- Exercise directions
Repeat exactly what runs from the line containing "Chiapas Mexican Hot" through the last line of the material below. Do not copy the pictures.

- Exercise data

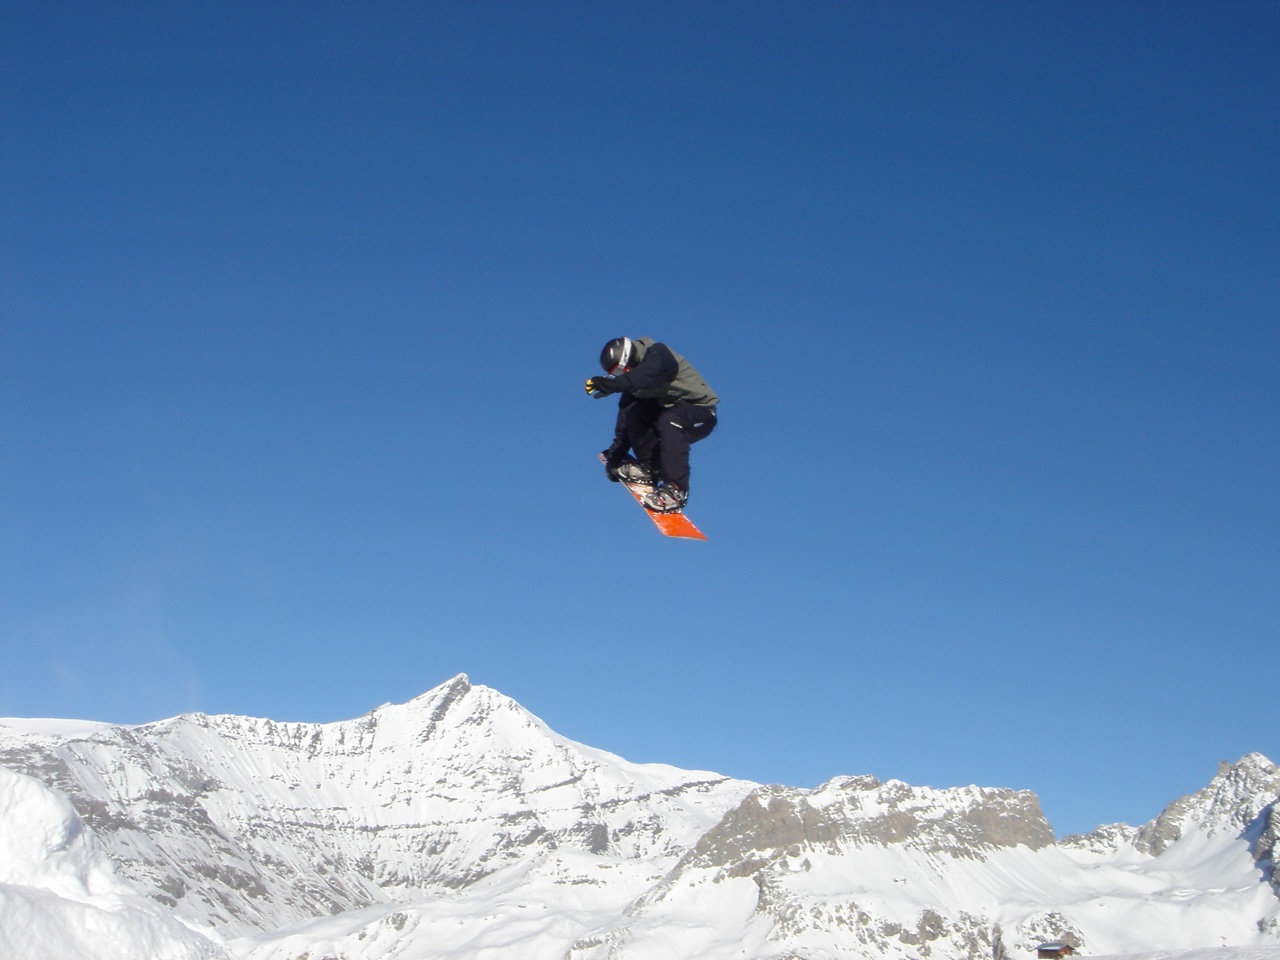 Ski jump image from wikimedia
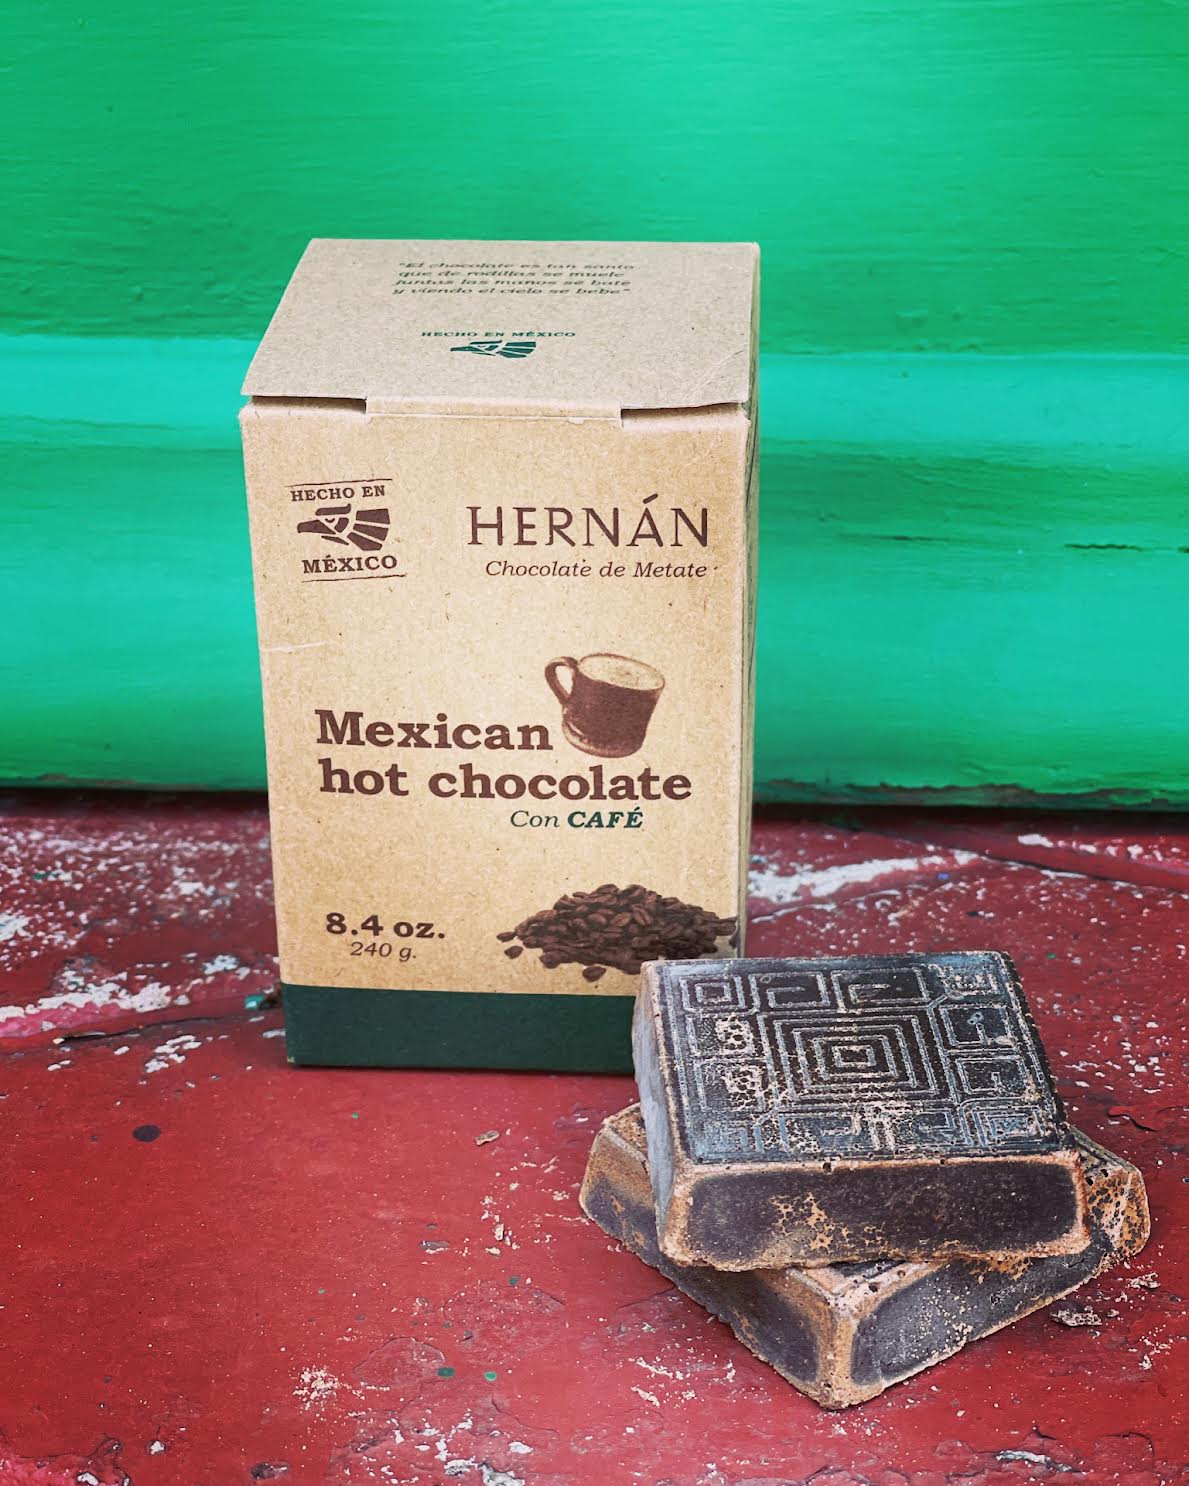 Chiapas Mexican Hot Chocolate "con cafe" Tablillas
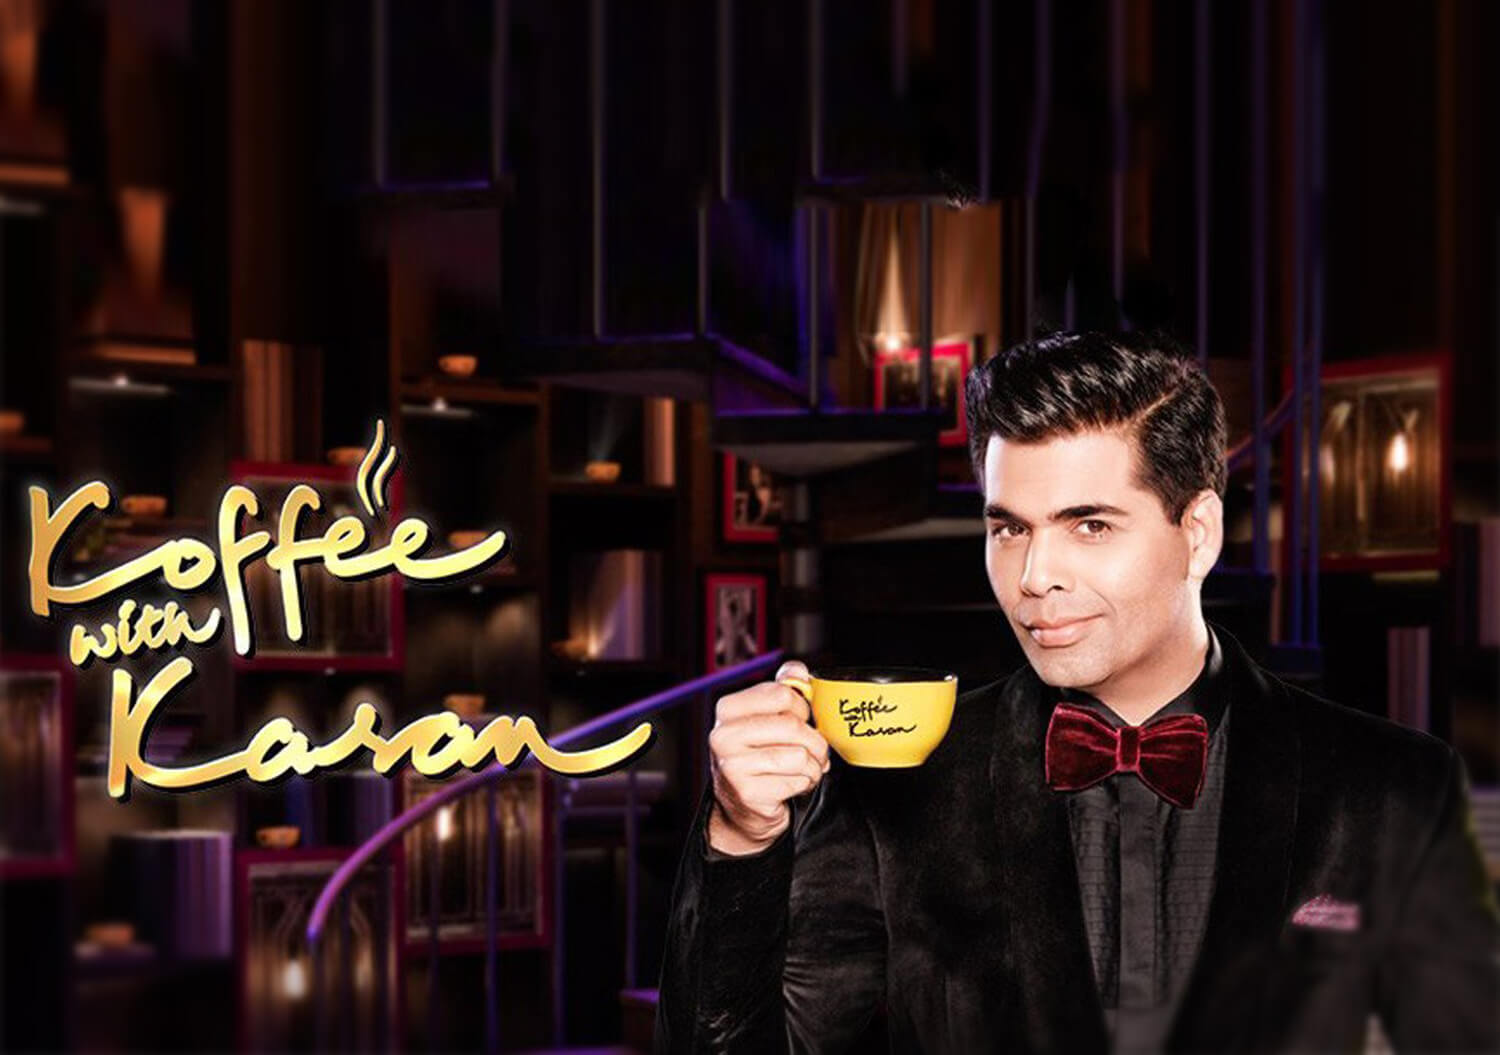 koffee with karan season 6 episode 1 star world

- Exercise response
 Chiapas Mexican Hot Chocolate "con cafe" Tablillas
 koffee with karan season 6 episode 1 star world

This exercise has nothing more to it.